Linker Problems with multiple Files tex1d returns different results

Hi. I wrote two apps which should give the same result, but they don’t. Can you help me find the problem?

These are apps that do 1D interpolation on texture memory. the memory is constant. the first app gives the correct result.

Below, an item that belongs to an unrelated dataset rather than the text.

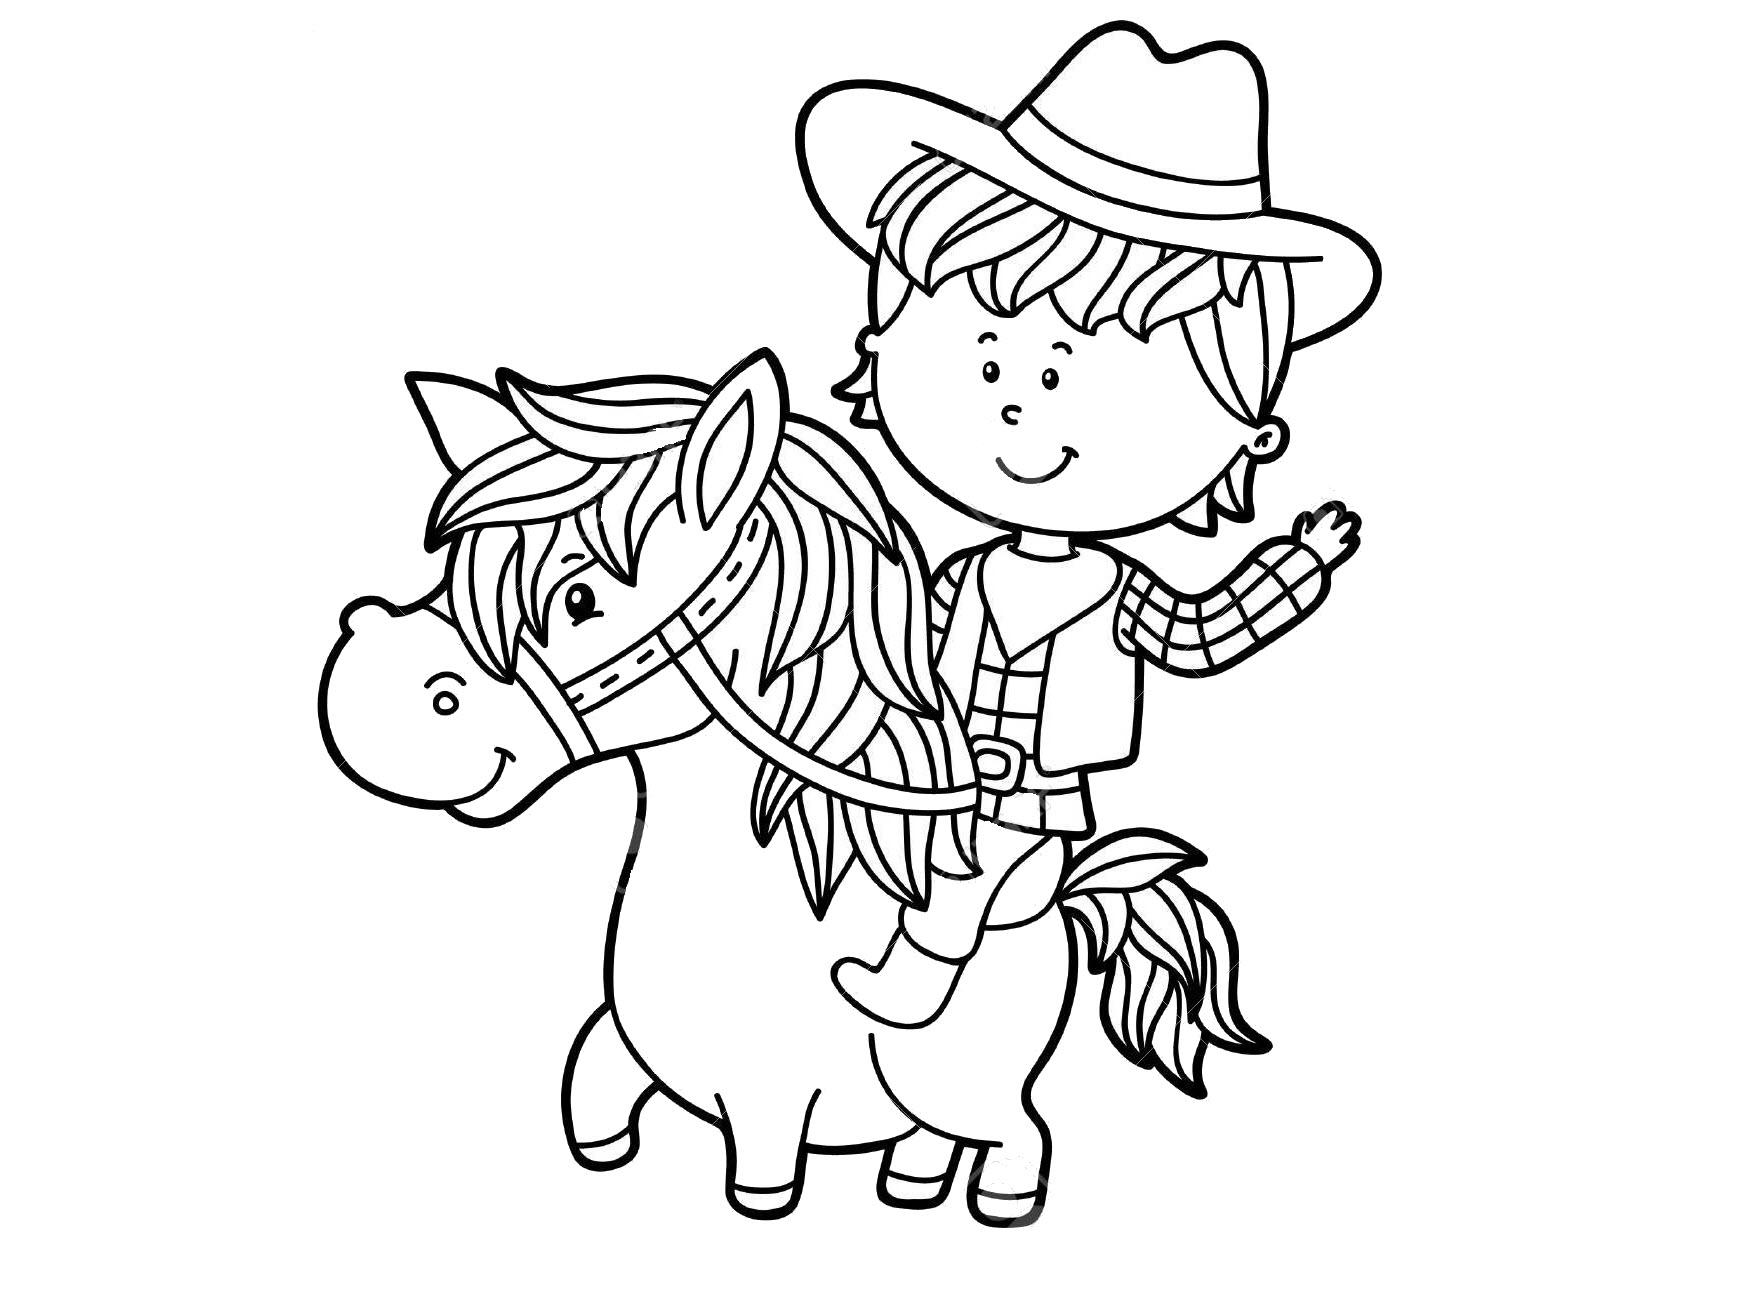 Tranh tô màu con ngựa đẹp và dễ thương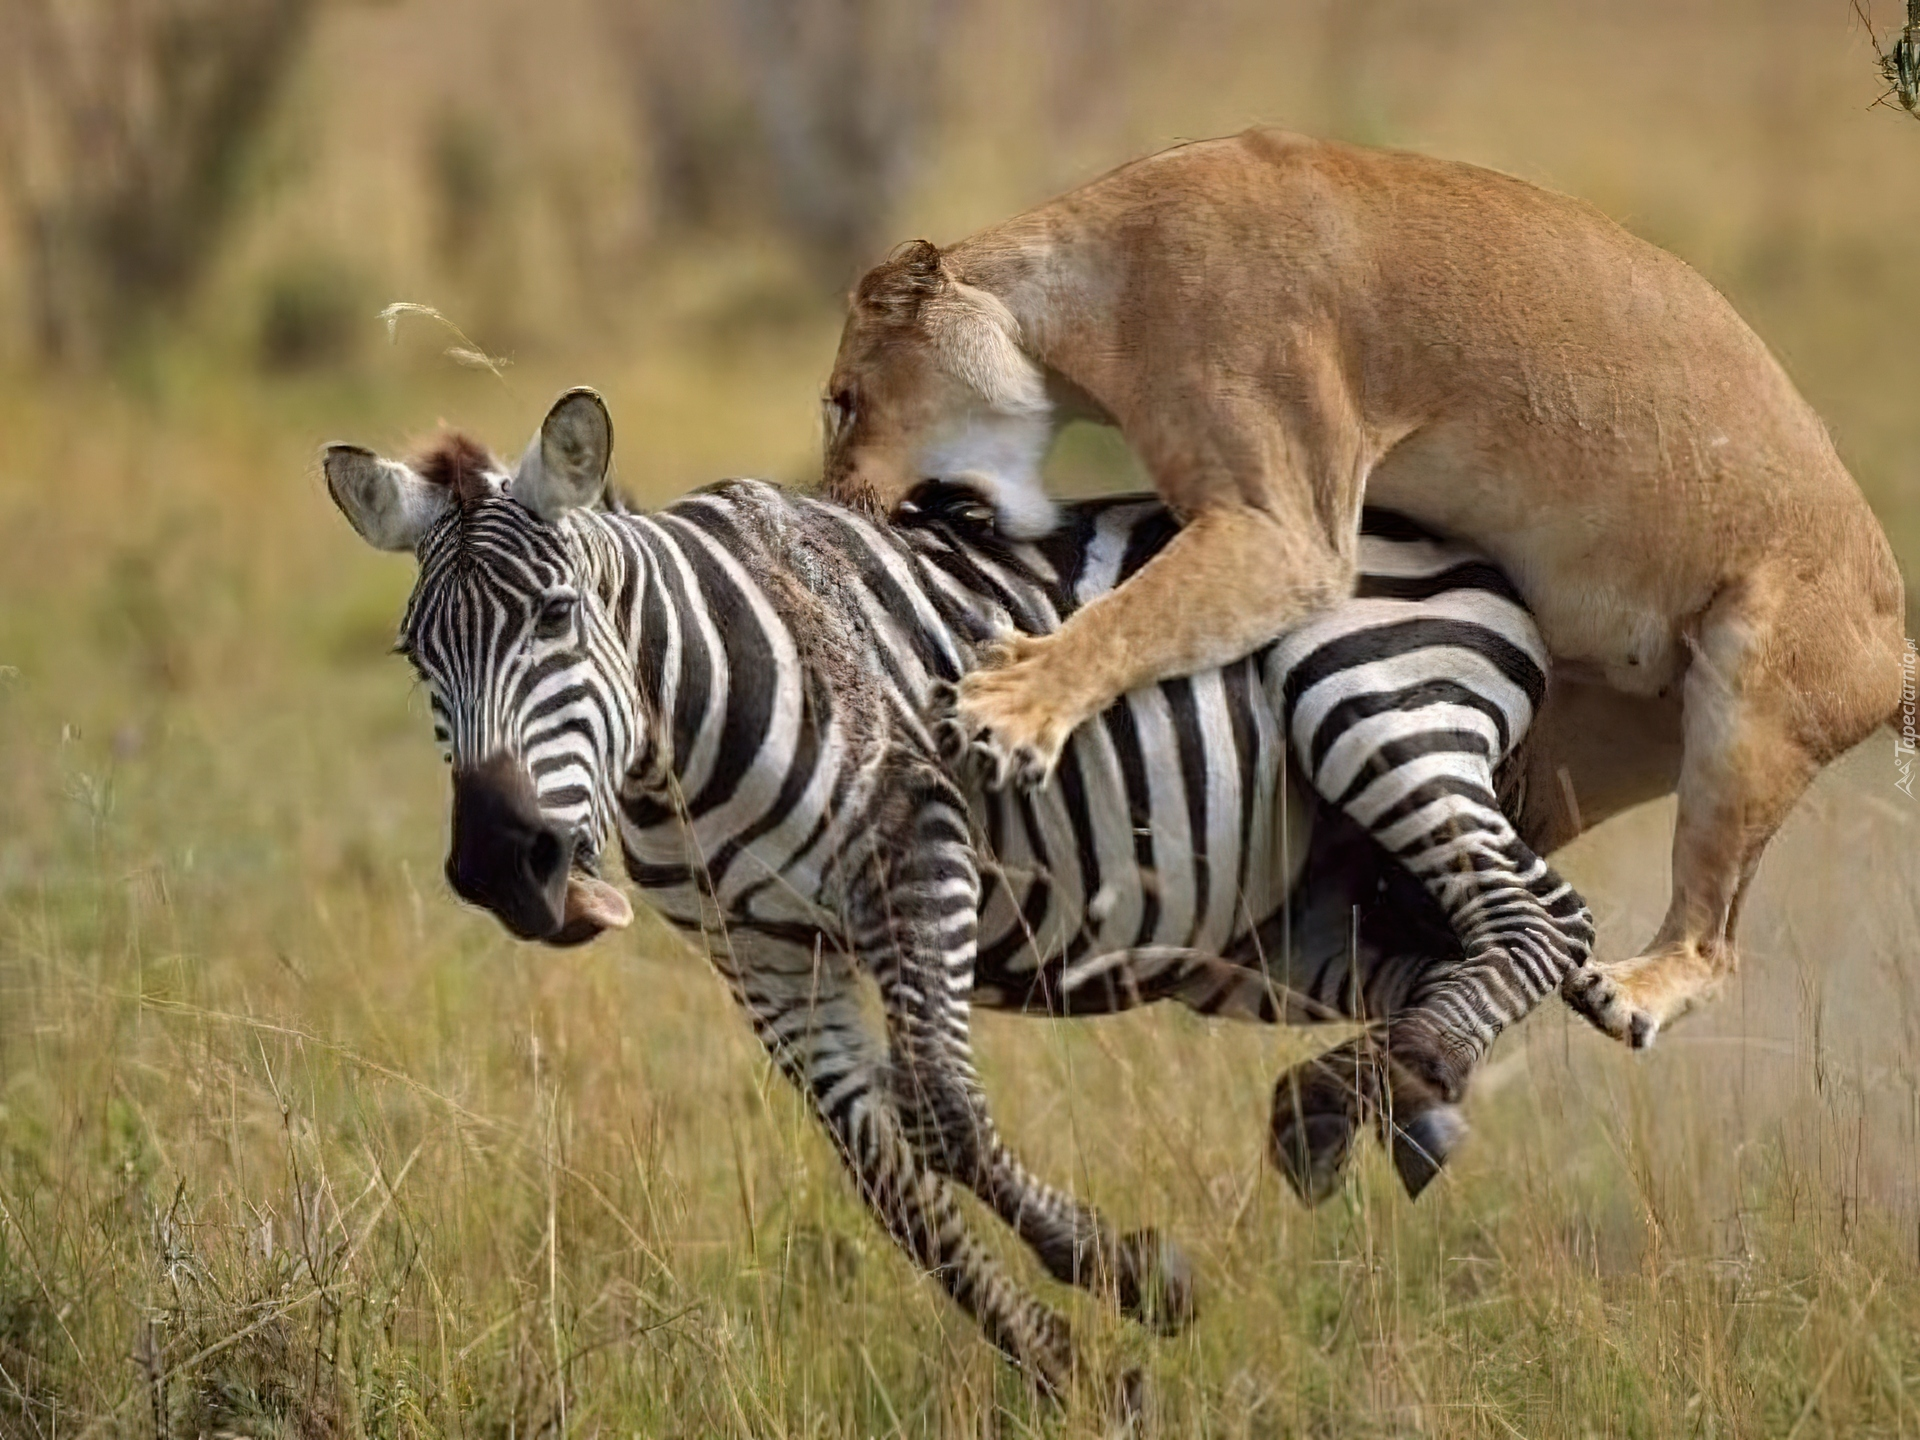 умеешь картинки львов пантеры и зебра стал длиннее

when i split the program into two files, the interpolation returns 0. sometimes it even gives a segfault.

First app (works):

file main.cu

[codebox]#include

#include <cuda.h>

using namespace std;

texture <float, 1, cudaReadModeElementType> tex_pointer;

global void interpolate(float *data){

*data = tex1D(tex_pointer, .5f);

}

int main(int argc, char **argv){

int n = 2;

float *data_h, *data_d, temp_h, *temp_d;

cudaMalloc((void**) &data_d, sizeof(float)*n);

cudaMalloc((void**) &temp_d, sizeof(float));

data_h = new float[n];

for(int i=0; i<n; i++){

data_h[i] = 1337.f;

}

temp_h = 0.f;

cudaMemcpy(temp_d, &temp_h, sizeof(float), cudaMemcpyHostToDevice);

cudaMemcpy(data_d, data_h, sizeof(float)*n, cudaMemcpyHostToDevice);

tex_pointer.normalized = true;

tex_pointer.filterMode = cudaFilterModeLinear;

tex_pointer.addressMode[0] = cudaAddressModeWrap;

cudaChannelFormatDesc channelDesc;

channelDesc = cudaCreateChannelDesc();

cudaBindTexture(0, tex_pointer, data_d, channelDesc, n);

dim3 dimGrid, dimBlock;

interpolate <<<dimGrid, dimBlock>>> (temp_d);

cudaMemcpy(&temp_h, temp_d, sizeof(float), cudaMemcpyDeviceToHost);

cout << temp_h << endl;

cudaUnbindTexture(tex_pointer);

delete data_h;

cudaFree(temp_d);

cudaFree(data_d);

return 0;

}[/codebox]

compile with: nvcc -o test main.cu

The second app: (doesn’t work)

file main.cu

[codebox]#include

#include “main.h”

int main(int argc, char **argv){

int n = 2;

float *data_h, *data_d, temp_h, *temp_d;

cudaMalloc((void**) &data_d, sizeof(float)*n);

cudaMalloc((void**) &temp_d, sizeof(float));

data_h = new float[n];

for(int i=0; i<n; i++){

data_h[i] = 1337.f;

}

temp_h = 0.f;

cudaMemcpy(temp_d, &temp_h, sizeof(float), cudaMemcpyHostToDevice);

cudaMemcpy(data_d, data_h, sizeof(float)*n, cudaMemcpyHostToDevice);

tex_pointer.normalized = true;

tex_pointer.filterMode = cudaFilterModeLinear;

tex_pointer.addressMode[0] = cudaAddressModeWrap;

cudaChannelFormatDesc channelDesc;

channelDesc = cudaCreateChannelDesc();

cudaBindTexture(0, tex_pointer, data_d, channelDesc, n);

dim3 dimGrid, dimBlock;

interpolate <<<dimGrid, dimBlock>>> (temp_d);

cudaMemcpy(&temp_h, temp_d, sizeof(float), cudaMemcpyDeviceToHost);

cout << temp_h << endl;

cudaUnbindTexture(tex_pointer);

delete data_h;

cudaFree(temp_d);

cudaFree(data_d);

return 0;

}

[/codebox]

file main.h

[codebox]

#include <cuda.h>

using namespace std;

texture <float, 1, cudaReadModeElementType> tex_pointer;

global void interpolate(float *data);

[/codebox]

file kernel.cu

[codebox]

#include “main.h”

global void interpolate(float *data){

*data = tex1D(tex_pointer, .5f);

}

[/codebox]

compile with:

nvcc -c kernel.cu

nvcc -c main.cu

nvcc -o test main.o kernel.o

CUDA kernels cannot be LINKed… They need to be present in the same file where they are called.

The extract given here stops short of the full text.